QUESTION: Did you know the woman that lived there?

LUNSFORD: No. I've never met anybody over there. I didn't even know there was kids over there, and you know...

QUESTION: What about Tiffany? Have you had a chance to talk with her? Maybe she's been on that street.

LUNSFORD: No, I've not -- I've not bothered them with any of this and, you know, they don't -- they've been good about it, too. I think at one time or another there was a statement made by her dad, but like I said, it doesn't really matter. I got a tee shirt from Tiffany. I know her mom and dad watched the news. I wanted to give it to her, but I didn't want to go up to their house -- I just wanted to keep it to myself. Any other questions?

QUESTION: Are you relieved that they've got a very big lead here?

LUNSFORD: They didn't call it a big lead. And like I said, I'm just -- I'm not going to build my hopes up over anything until the sheriff tells me exactly that, hey, we're after the guy that's got your daughter. Right now all he said is that he's just got somebody he wants to question.

QUESTION: Reporter: What's your gut feeling?

LUNSFORD: Gut feeling? I'd rather not say. You know, because like I said, I wouldn't want to be wrong.

Anybody else?

I appreciate you guys, I really do.
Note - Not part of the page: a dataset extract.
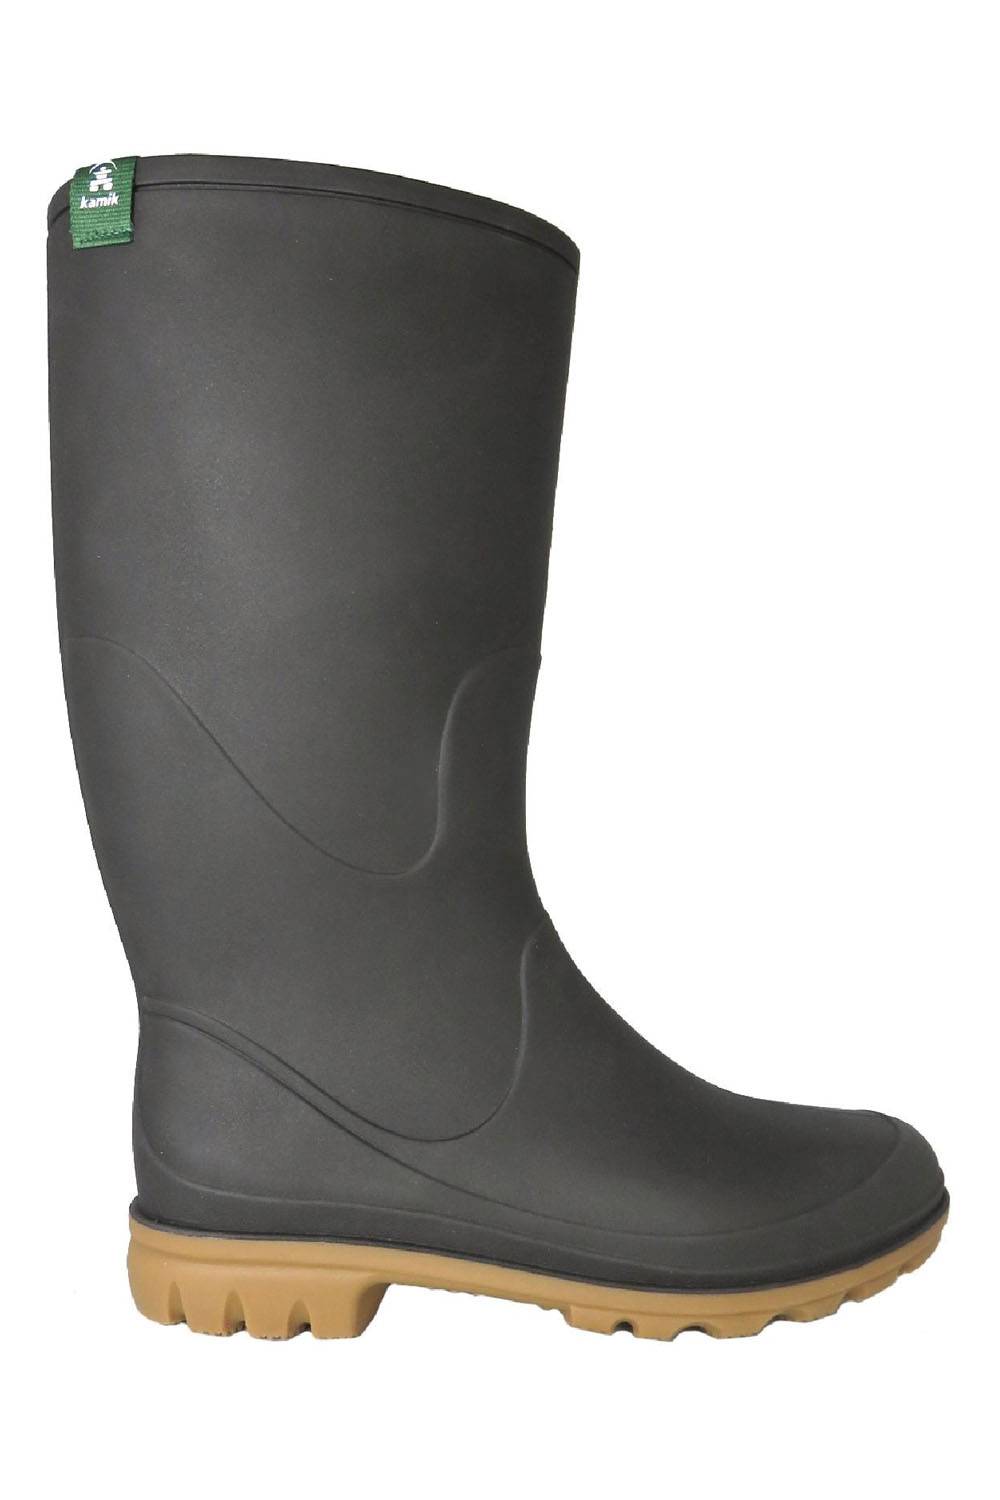 kamik eco-friendly rain boots

Just keep your prayers coming, OK, because I need those, and I got a search going this weekend, so everybody just come out and help as you can.

Thanks.

BLITZER: Mark Lunsford, the father of Jessica Lunsford, the 9- year-old missing Florida girl, expressing his thoughts on the apprehension of a man being described as a person of interest in this case. We'll continue to watch that. We're also watching what's happening involving baseball and steroids on Capitol Hill.

But we're all out of time right now. Just want to thank our guests for joining us, Dr. Todd Schlifstein of New York University Medical Center, and here in Washington Mike Wise and Mel Antonen, two excellent sports writers.

I'll be back later today, every weekday, 5:00 p.m. Eastern for "WOLF BLITZER REPORTS." The leader of Ireland's Sinn Fein Party once again finds himself in the middle of controversy. Gerry Adams relationship with the IRA and the uproar surrounding the death of a man outside a Belfast pub. We'll have a complete report on all of that, plus more, 5:00 p.m. Eastern.

Until then, thanks very much for watching NEWS FROM CNN. I've Wolf Blitzer in Washington.

"LIVE FROM" with Kyra Phillips, solo again, standing by in New York.